The dataset contains text and the corresponding label (1-5 stars).



In [None]:
from datasets import load_dataset
dataset = load_dataset("/Users/JENSAM/GIT/edc22-nlp/data/yelp_review_full.py", cache_dir='/Users/JENSAM/GIT/edc22-nlp/data') 
dataset 

Let's take a look at an example

In [None]:
dataset["train"][99]

Remember we need to process the text using a tokenizer, we will use padding and truncation to handle any variations in the sequence lengths. 

In [None]:
from transformers import AutoTokenizer

tokenizer = AutoTokenizer.from_pretrained("bert-base-cased")


def tokenize_function(examples):
    return tokenizer(examples["text"], padding="max_length", truncation=True)

tokenized_datasets = dataset.map(tokenize_function, batched=True)



To reduce the time it takes for training we can create smaller subsets of the full dataset for fine-tuning

In [None]:
small_train_dataset = tokenized_datasets["train"].shuffle(seed=42).select(range(1000))
small_eval_dataset = tokenized_datasets["test"].shuffle(seed=42).select(range(100))

In [None]:
small_train_dataset[99]

In [None]:
small_eval_dataset

## Train
We will be using Hugging Face Transformers Trainer class for training. The API supports a wide range of training options & features.

First we need to load the model we are going to fine-tune for a classifcation task).

In [None]:
from transformers import AutoModelForSequenceClassification
model_name = "bert-base-cased" 
model = AutoModelForSequenceClassification.from_pretrained(model_name, num_labels=5)


Think about what this warning is telling us ...

We need to specify where to save the training checkpoints using the TrainingArguments class, this class contains all the hyperparameters

In [None]:
from transformers import TrainingArguments

training_args = TrainingArguments(output_dir="test_trainer")

To evaluate our models performance we need to pass the Trainer a function for computing and reporting the metrics, you can load different metrics with the load_metric function (e.g. accuracy, precision, recall, f1).

In [None]:

import numpy as np

from datasets import load_metric

metric = load_metric("accuracy")

Next is a call to the compute method on metric to calculate the prediction accuracies. Predictions must first be converted to logits, which are the raw predictions of the last layer of the neural network.

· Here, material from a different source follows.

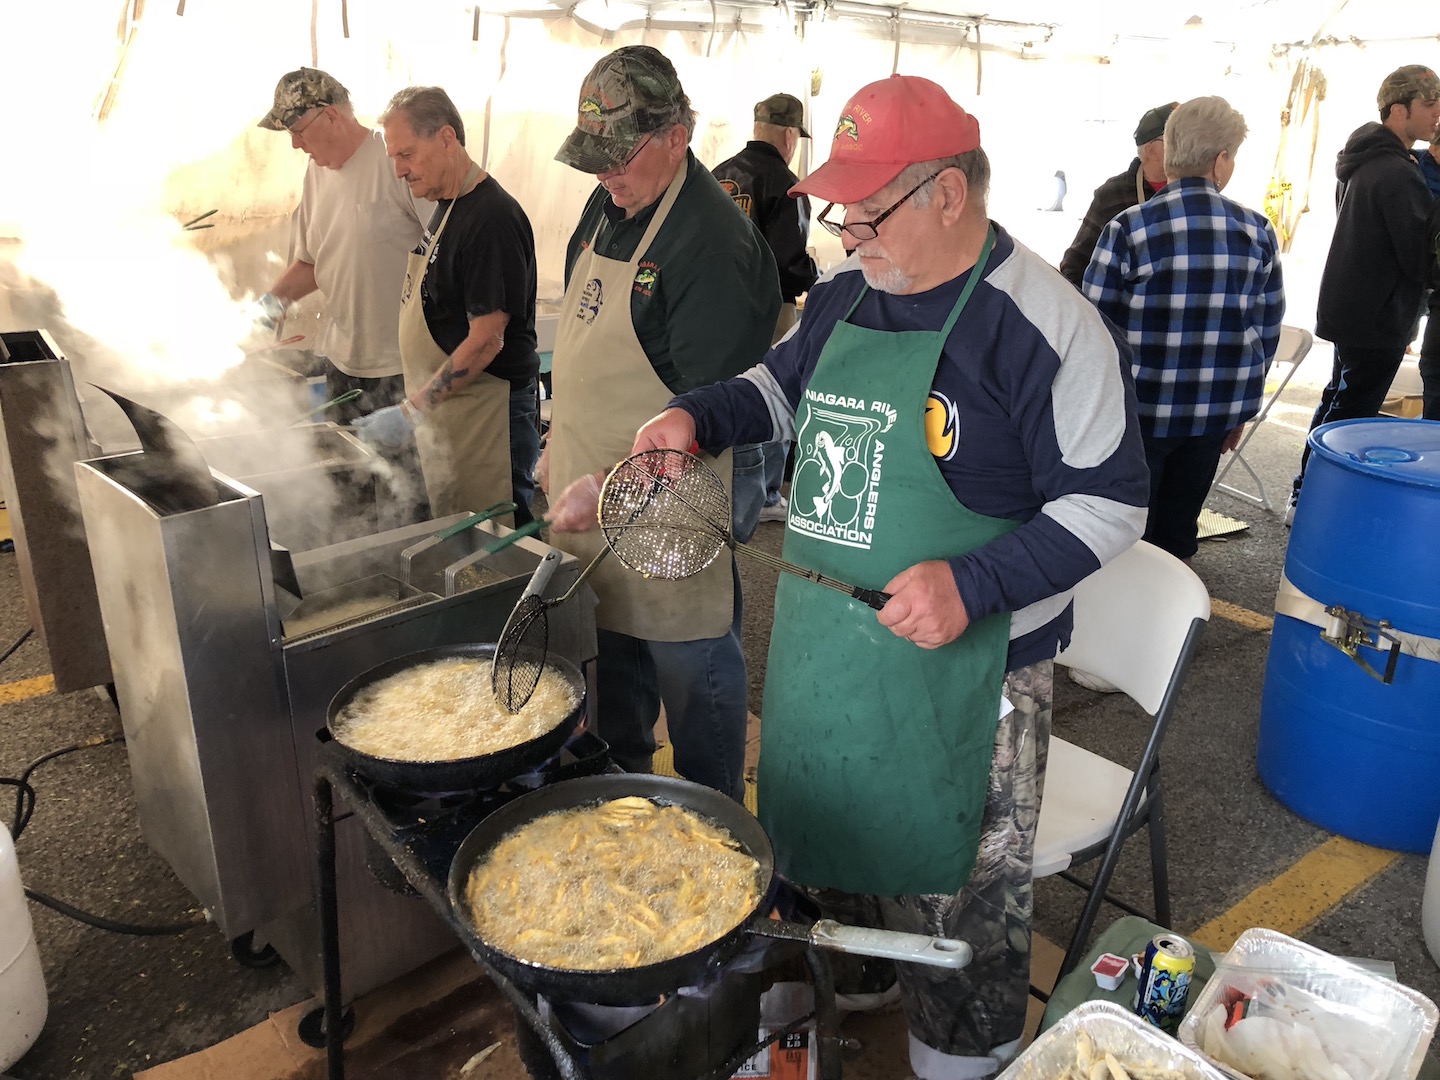 The Smelt Festival brings visitors to Lewiston, but also serves as a fundraiser for the Niagara River Anglers -- some of whom are shown cooking the fish. (File photo)

We use the Argmax and SoftMax functions to make the output values from the neural network be between 0 and 1.
The Argmax function interprets the largest positive output value as 1 and all other values as 0. This gives us the predicted class.
The SoftMax function gives us the probabilities for the predicted class.

In [None]:
def compute_metrics(eval_pred):
    logits, labels = eval_pred
    predictions = np.argmax(logits, axis=-1)
    return metric.compute(predictions=predictions, references=labels)

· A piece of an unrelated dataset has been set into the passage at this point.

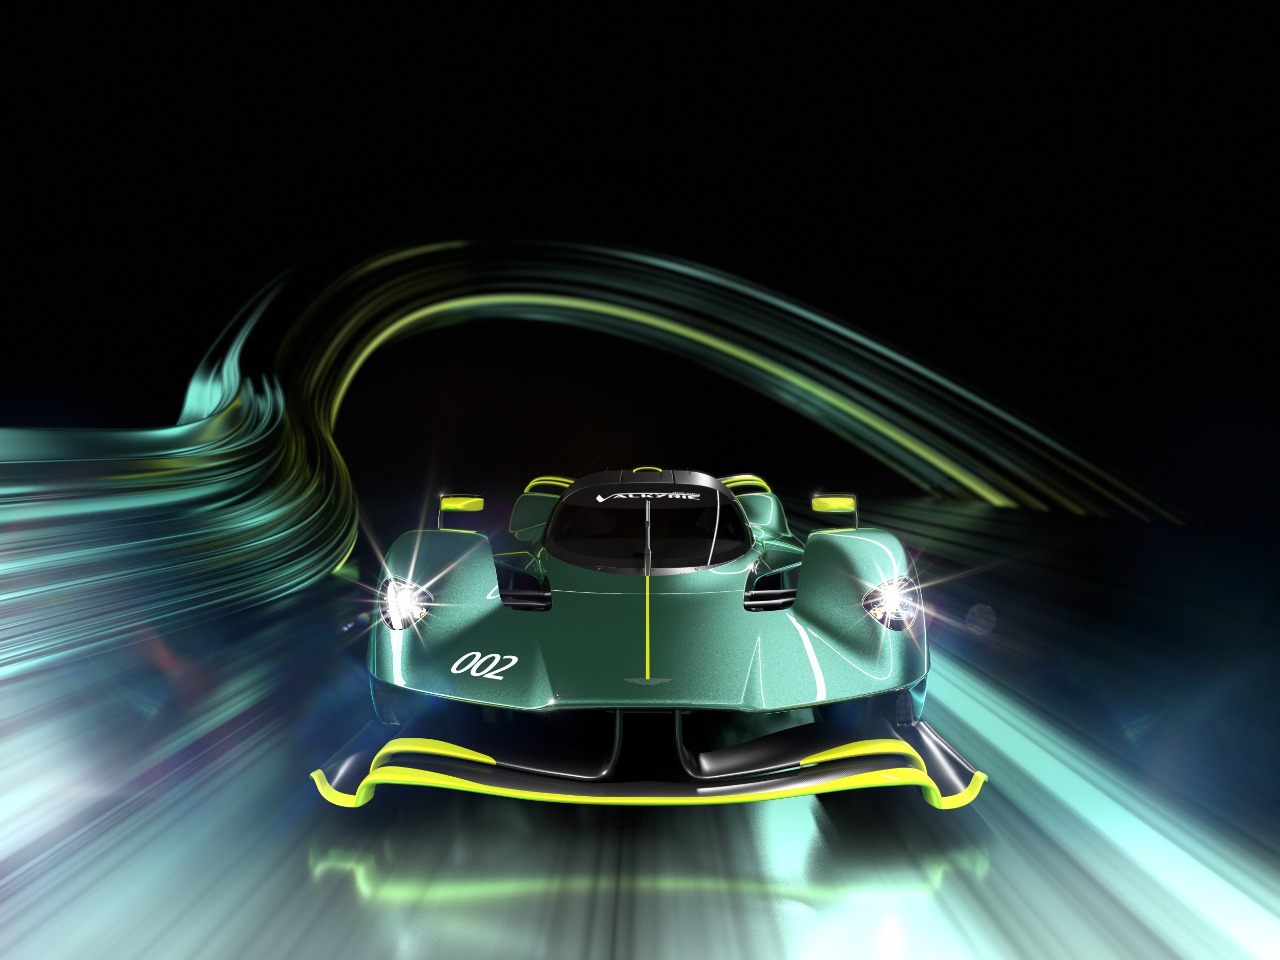 ASTON MARTIN VALKYRIE AMR PRO: THE ULTIMATE NO RULES HYPERCAR

To monitor the evaluation metrics during fine-tuning we need to specify an evaluation_strategy parameter in the training arguments, in this case at the end of an epoch.

In [None]:
from transformers import TrainingArguments, Trainer

training_args = TrainingArguments(output_dir="test_trainer", num_train_epochs=3, evaluation_strategy="epoch")

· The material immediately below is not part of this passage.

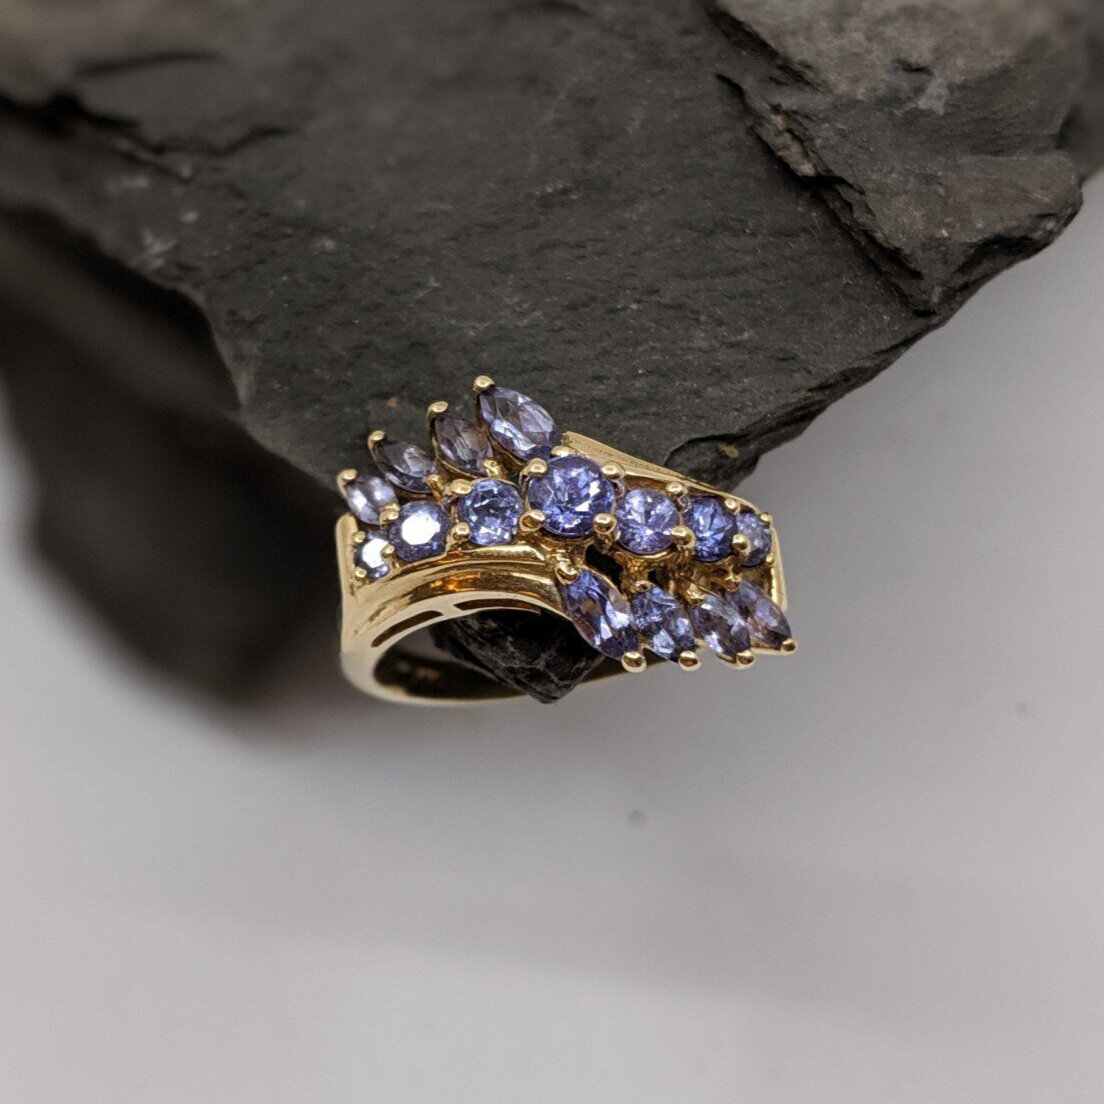 Details about   AAA TANZANITE 0.46 Cts  SLIDE PENDANT 10k YELLOW GOLD* New With Tag *

Create a Trainer object specifying the model, training arguments, datasets and tghe evaluation function we defined above.

In [None]:
trainer = Trainer(
    model=model,
    args=training_args,
    train_dataset=small_train_dataset,
    eval_dataset=small_eval_dataset,
    compute_metrics=compute_metrics,
    
)

We are now ready to start fine-tuning the model for the text classification task, by calling the train() method.

In [None]:
trainer.train()

## Summarisation

In [None]:
!%pip install rouge-score nltk sentencepiece
import nltk
nltk.download("punkt")

In [None]:
!apt install git-lfs

## Parameters

In [None]:
MODEL_NAME = "t5-small"

## Prepare the dataset

In [None]:
from datasets import load_dataset, load_metric

raw_datsets = load_dataset("xsum")
metric = load_metric("rouge")

In [None]:
raw_datsets

In [None]:
raw_datsets["train"][0]

The function show_random_elements can be used to show some randomly picked examples from the dataset.

In [None]:
import pickletools
import datasets
import random
import pandas as pd
from IPython.display import display, HTML

def show_random_elements(dataset, num_examples=5):
    assert num_examples <= len(dataset), "Can't pick more elements than there are in the dataset."
    picks = []
    for _ in range(num_examples):
        pick = random.randint(0, len(dataset)-1)
        while pick in picks:
            pick = random.randint(0, len(dataset)-1)
        picks.append(pick)
        print(dataset[picks])
   
    df = pd.DataFrame(dataset[picks])
    for column, typ in dataset.features.items():
        if isinstance(typ, datasets.ClassLabel):
            df[column] = df[column].transform(lambda i: typ.names[i])
    #display(HTML(df.to_html()))


In [None]:
show_random_elements(raw_datsets["train"], 2)

In [None]:
metric

In [None]:
fake_preds = ["hello there", "general kenobi"]
fake_labels = ["hello there", "general kenobi"]
metric.compute(predictions=fake_preds, references=fake_labels)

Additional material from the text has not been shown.